**Task instructions**
Only the lines from the one containing "Postage Padded Envelope" to the end of the listing below should be returned, exactly as written and without pictures.

**Provided material**
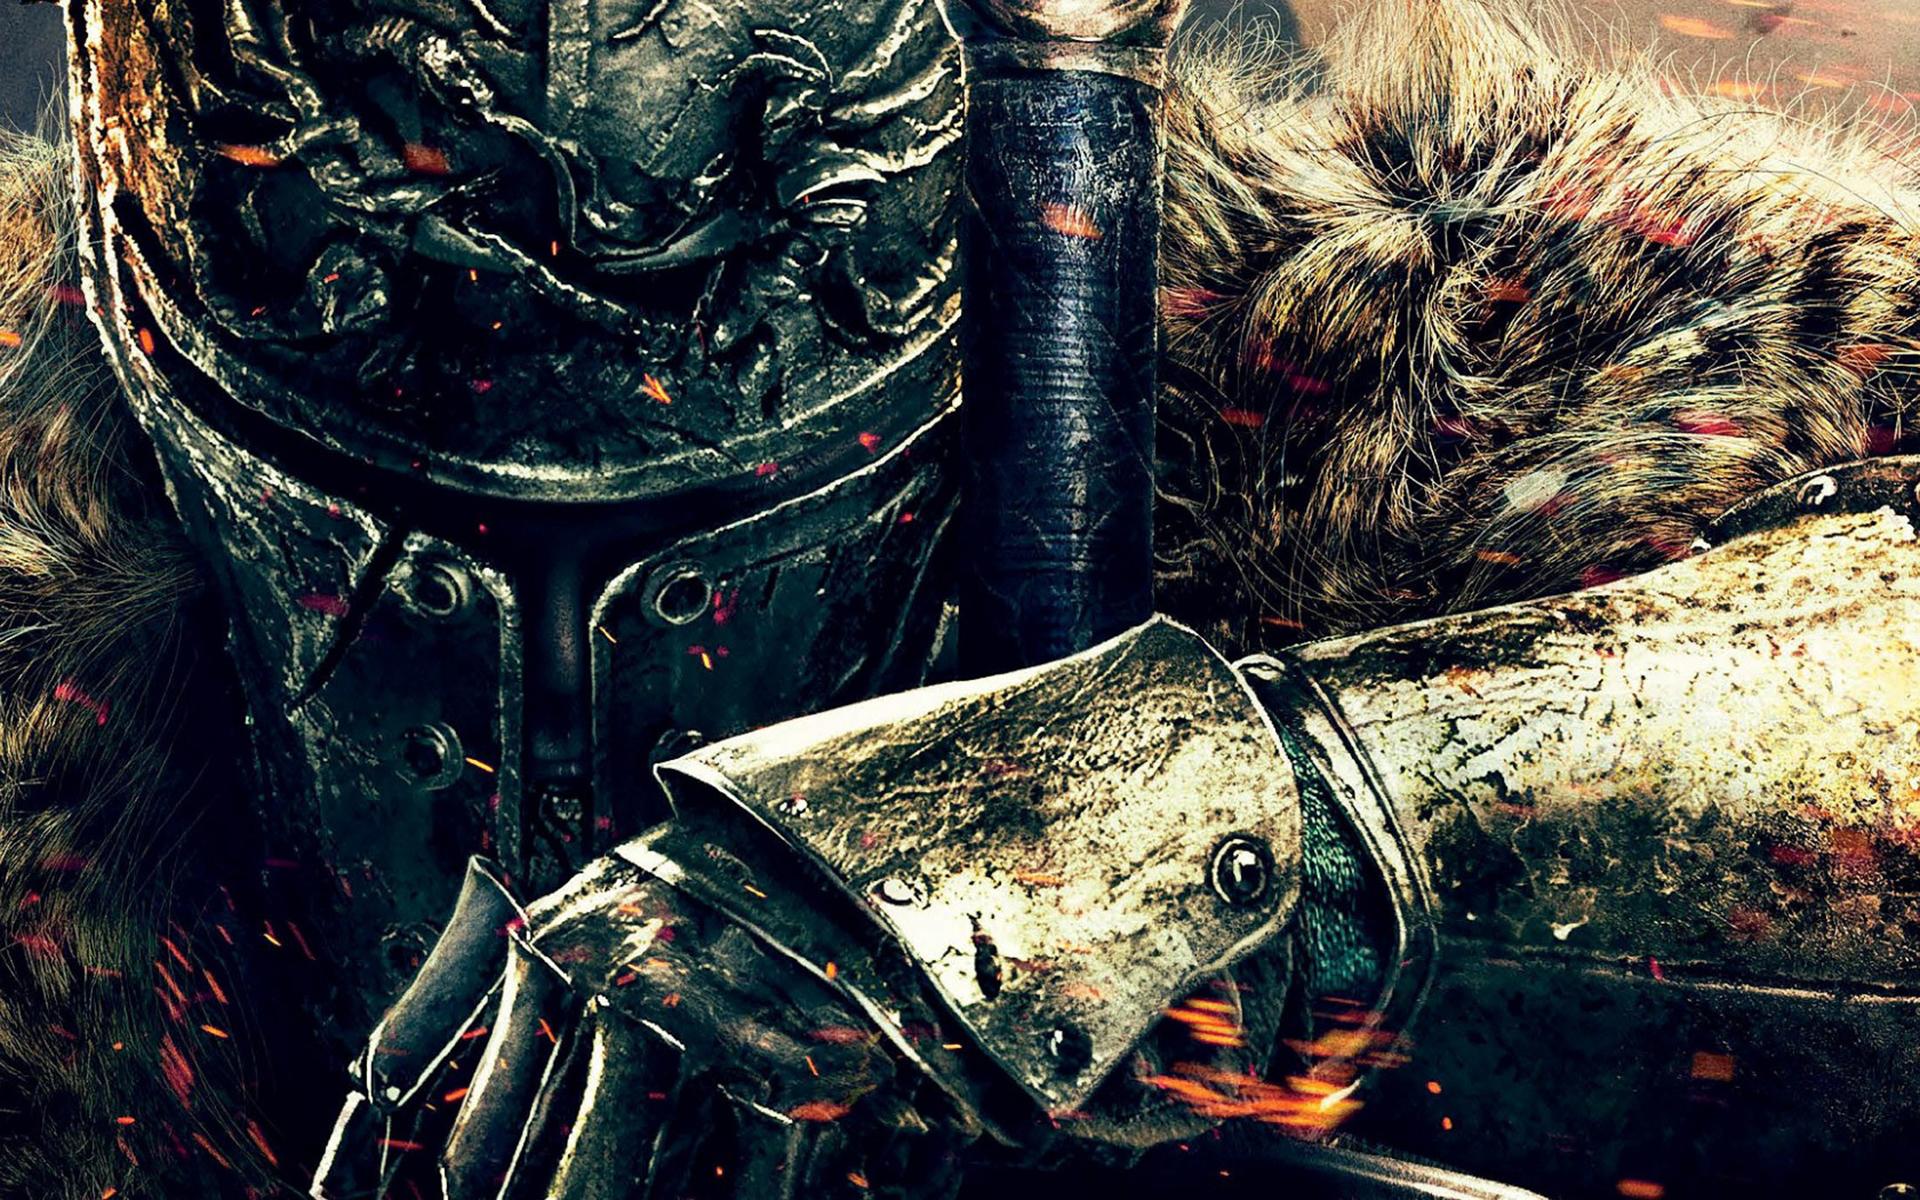 Dark Souls 2 Wallpaper: Dark Souls 2 - HD Desktop Wallpapers
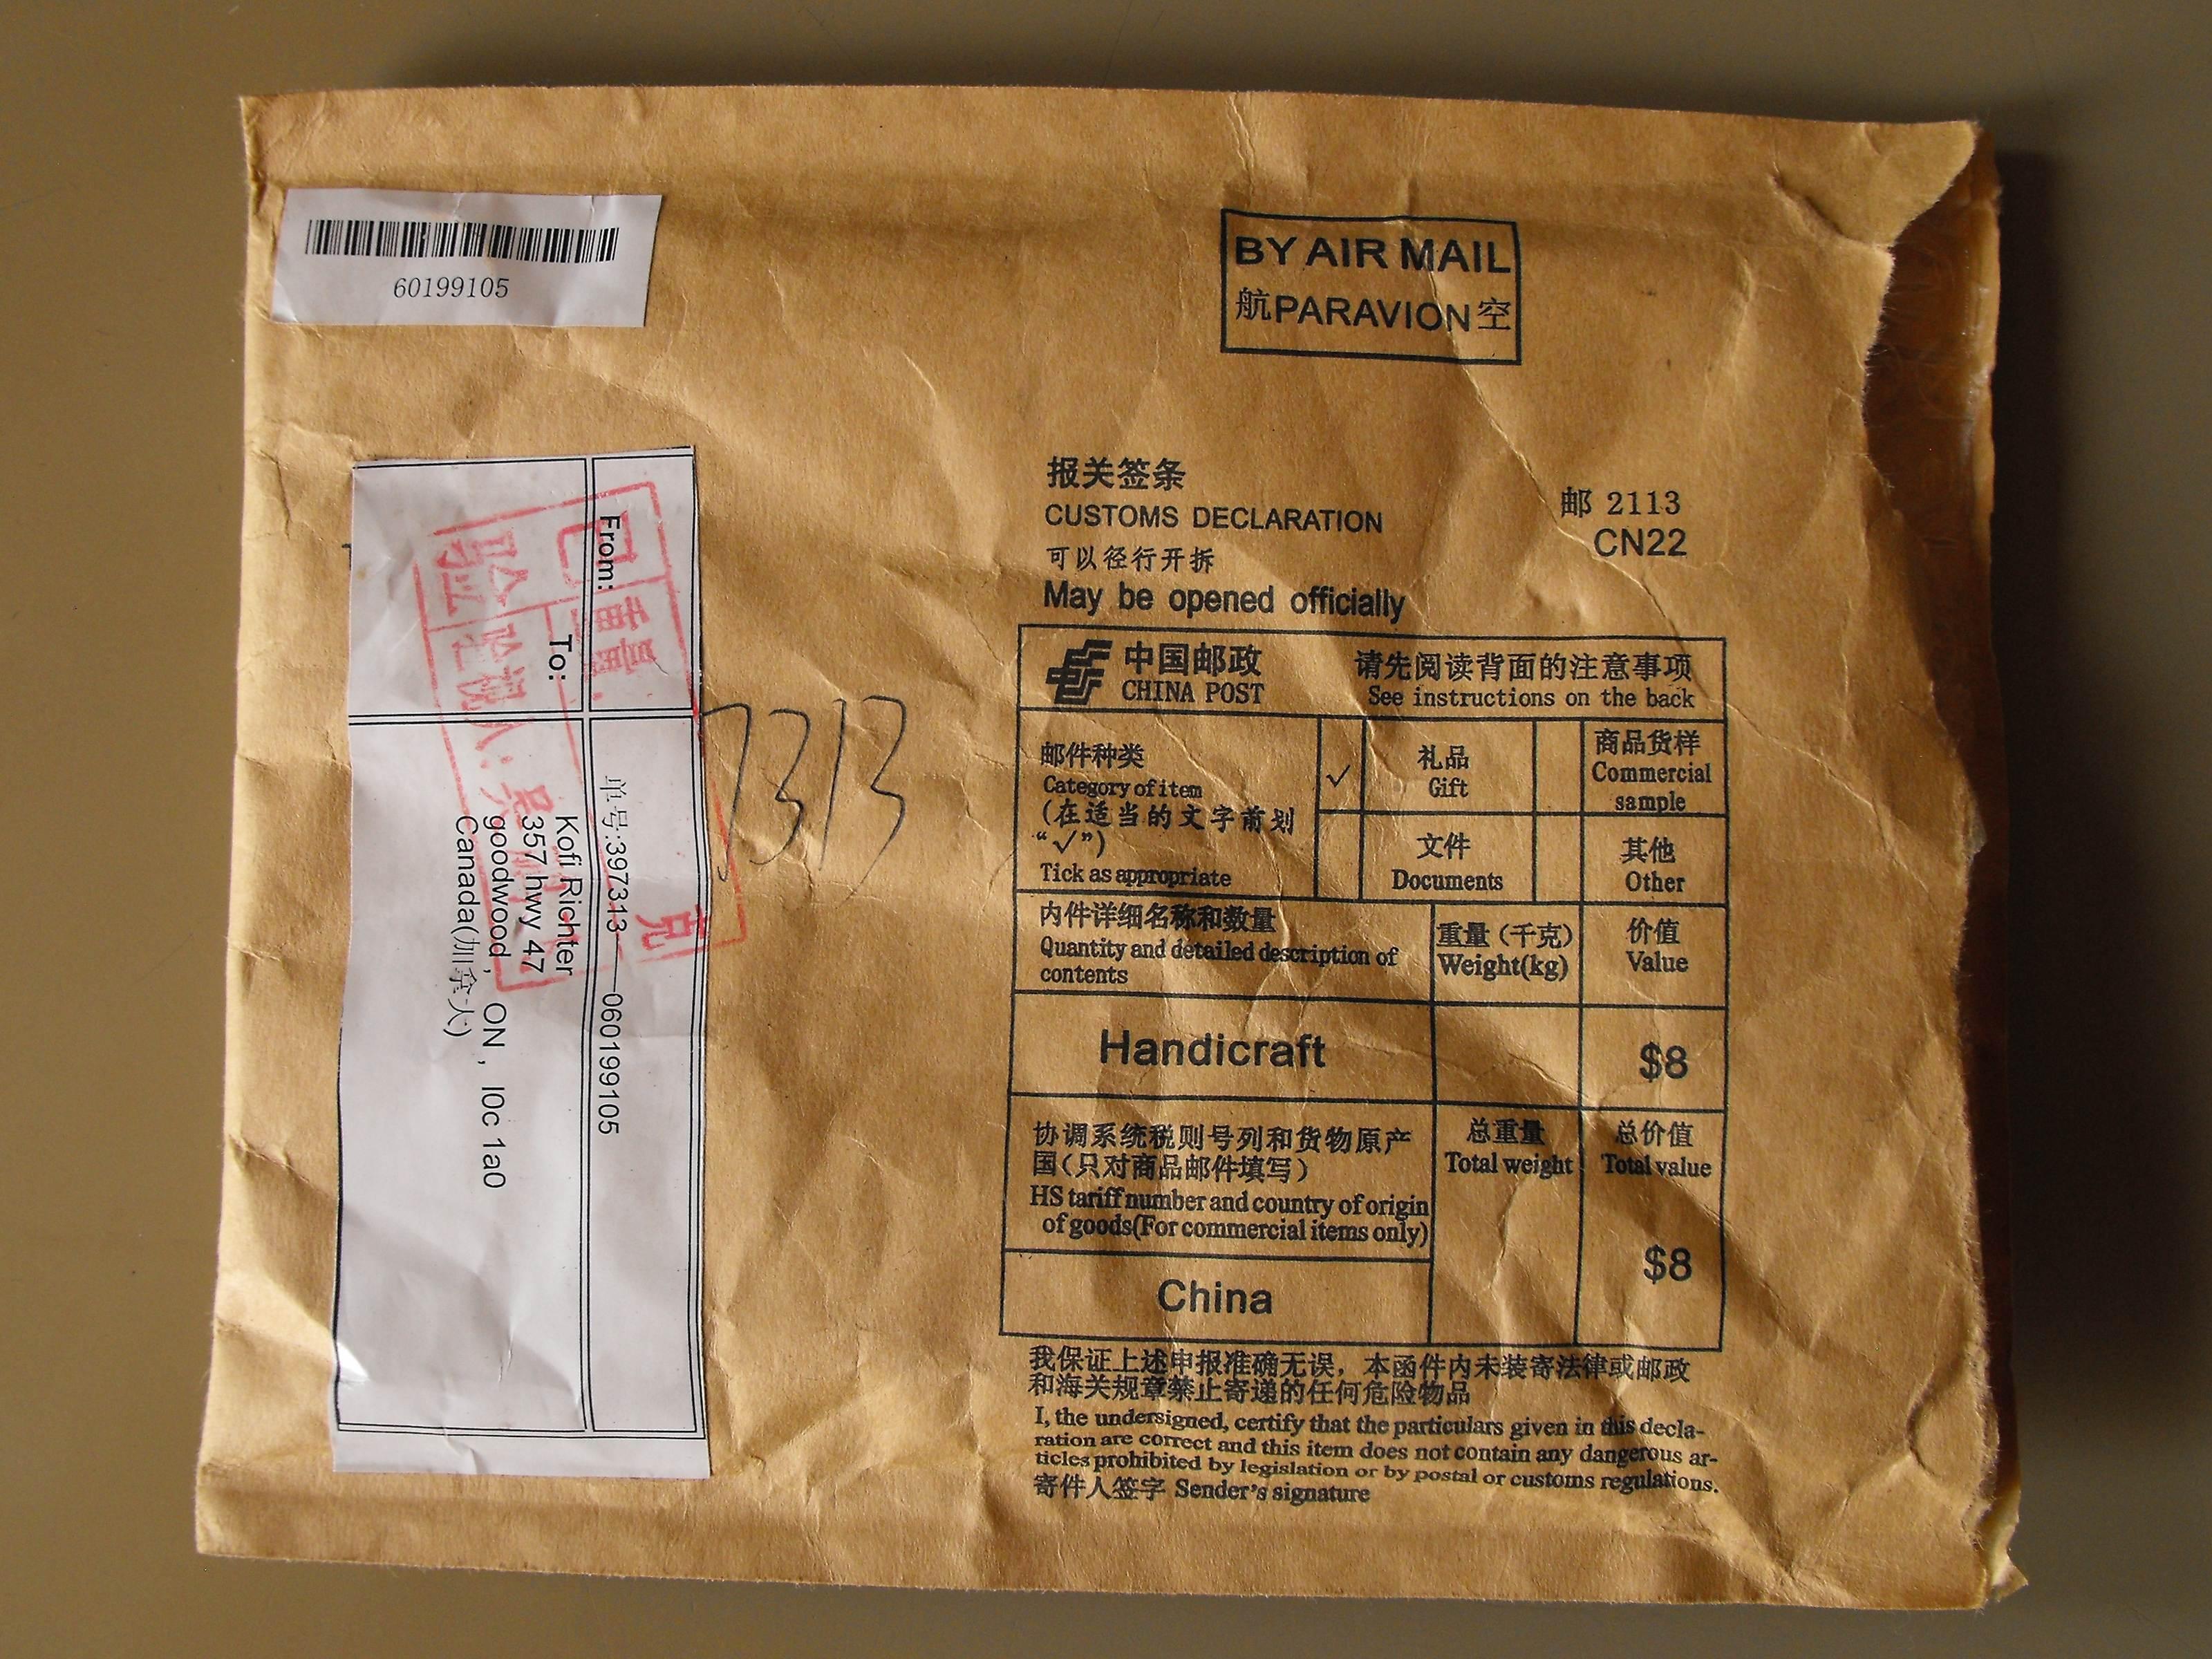 Postage Padded Envelope
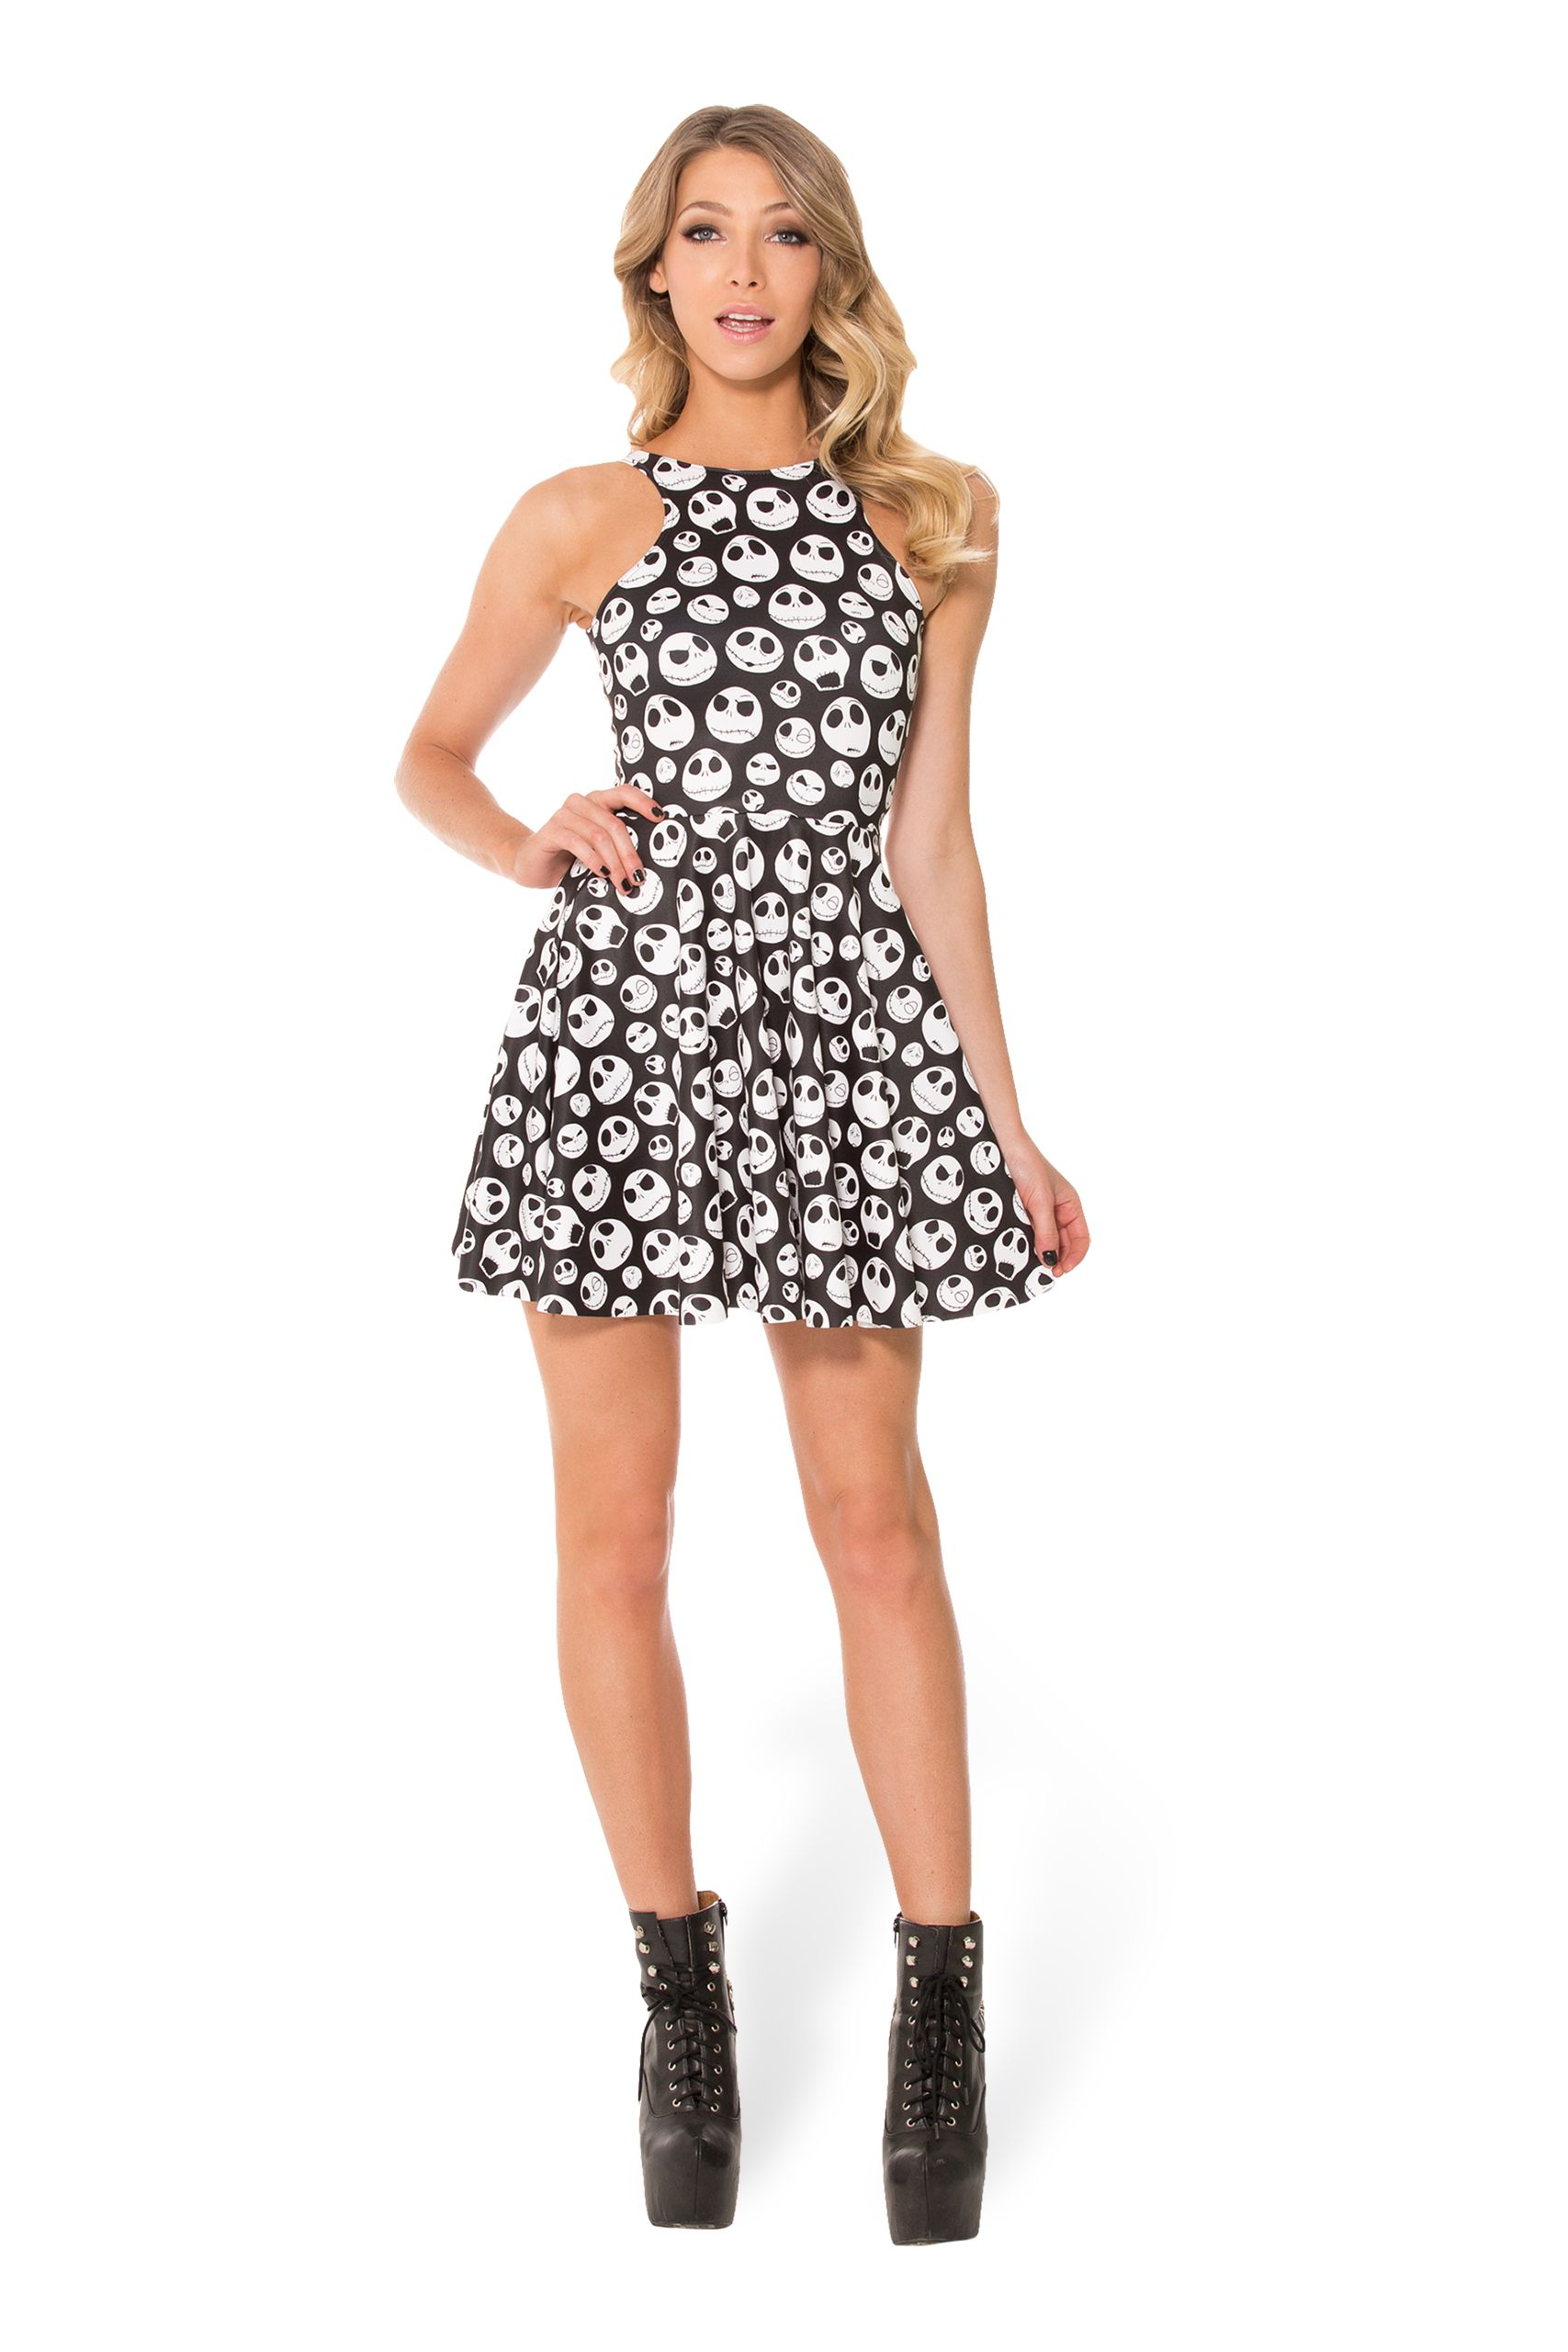 1c9722b1e5 Jack Skellington Reversible Skater Dress (WW $95AUD / US $90USD) by Black  Milk Clothing

**Response**
 Postage Padded Envelope
 1c9722b1e5 Jack Skellington Reversible Skater Dress (WW $95AUD / US $90USD) by Black  Milk Clothing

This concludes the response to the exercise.